На самом же деле когда государство было заказчиком, оно действительно как хозяин должно было все контролировать, утверждать и следить, чтобы его не обманули ни в ценах, ни в назначении объекта, ни в качестве. Сейчас же, когда частник строит за свои деньги, сфера контроля со стороны государства должна сузиться до пределов защиты именно общественных интересов, которые — с точки зрения проектирования и строительства объекта — сводятся в основном к его эстетике. А что касается, например, экологии, то дело государства — не контролировать проектирование и строительство, а запретить эксплуатировать экологически опасный объект. Построили что-то не то, и надо самим закрывать или сносить собственное строение, в которое «вбухали» народные денежки. Здесь понятно, что о качестве объекта и его стоимости кроме государства волноваться некому, наоборот, все остальные (и в первую очередь непосредственный заказчик) так и норовят урвать побольше бюджетных денег. Но теперь-то все по-другому: инвестор, то есть частник, должен позаботиться о том, чтобы объект был «правильным». Это его риск.

Как примирить стремление государства гарантировать стопроцентную правильность каждого объекта с необходимостью упростить процедуру согласований? На мой взгляд, ядром рыночного механизма контроля за качеством проектирования вместо обилия согласований и экспертиз должна стать система обязательного страхования всего жизненного цикла проектов. Прежде всего это касается гражданской ответственности проектировщика и строителя. Теоретически проектировщик, начинающий проект с «клятвы ГИПа», несет полную ответственность за его качество и соответствие нормам. Но реально отвечать ему нечем. Ущерб, который «неправильный» проект может нанести инвестору, исчисляется миллионами. С карликового же проектировщика и несколько тысяч взыскать проблематично.

Если страховать простой проект, то механизм контроля становится несложным и дешевым. Когда проект очевидно беспроблемный, вы найдете, где застраховать его за символические деньги без всяких экспертиз. Если проект сложный, то страховщик определит объем экспертиз и согласований, достаточный для того, чтобы убедиться в надежности проекта. При этом появится четкая экономическая оценка респектабельности проектной организации: чем выше авторитет и финансовая способность отвечать за свои решения у проектанта, тем меньше экспертиз будет требовать страховщик.

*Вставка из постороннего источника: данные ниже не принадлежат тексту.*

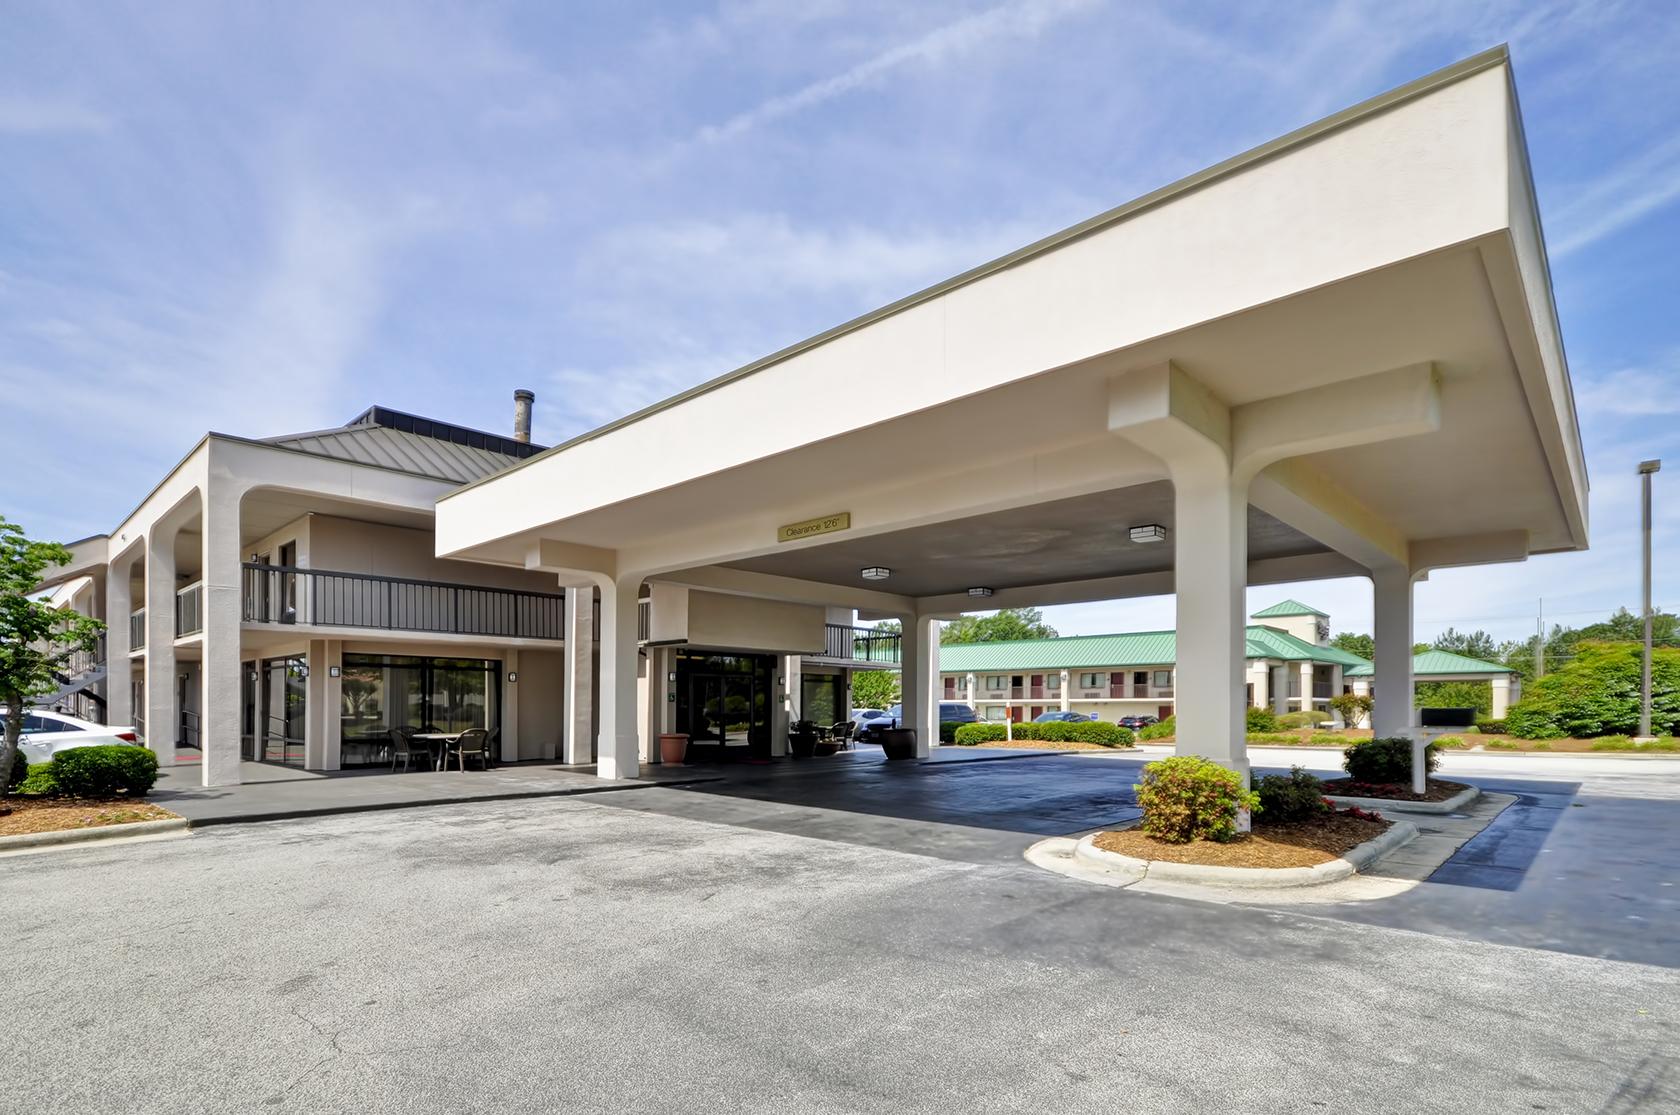 Red Lion Inn & Suites Fayetteville I-95 image 3
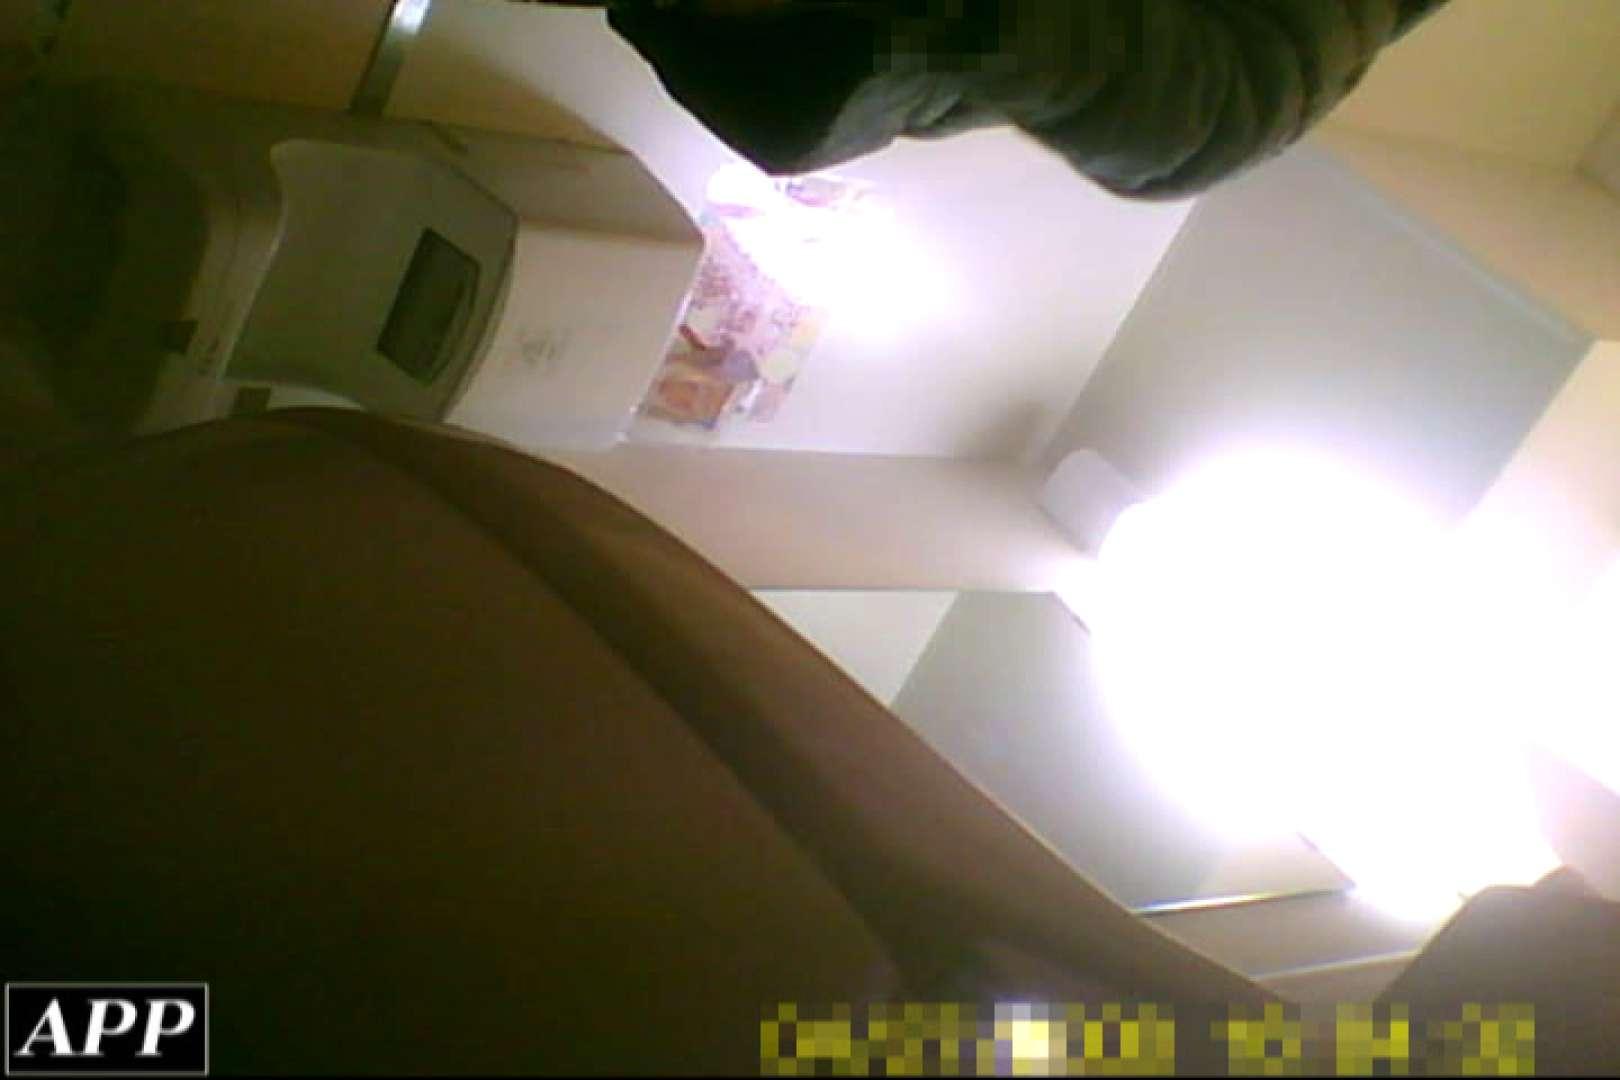 3視点洗面所 vol.33 OLの実態 隠し撮りセックス画像 89pic 32

Страхование нужно распространить и на управленческие решения. Огромный пласт разрешительных функций, ради которых мы гоняем мелкого застройщика по огромному чиновничьему кругу, вполне разумно передать для единоличного решения районному архитектору, за которое он, естественно, должен нести всю полноту ответственности, и которое тоже должно быть застраховано. Если оно законное и правильное, его легко застраховать, если оно сомнительное, страховщик потребует его подтверждения в более высокой инстанции. Если оно в конечном итоге окажется незаконным, ущемившим чьи-то интересы, все ущербы должен будет возместить страховщик, и он с куда большей заинтересованностью, чем УБОП, разберется с коррумпированным, халатным или просто некомпетентным чиновником.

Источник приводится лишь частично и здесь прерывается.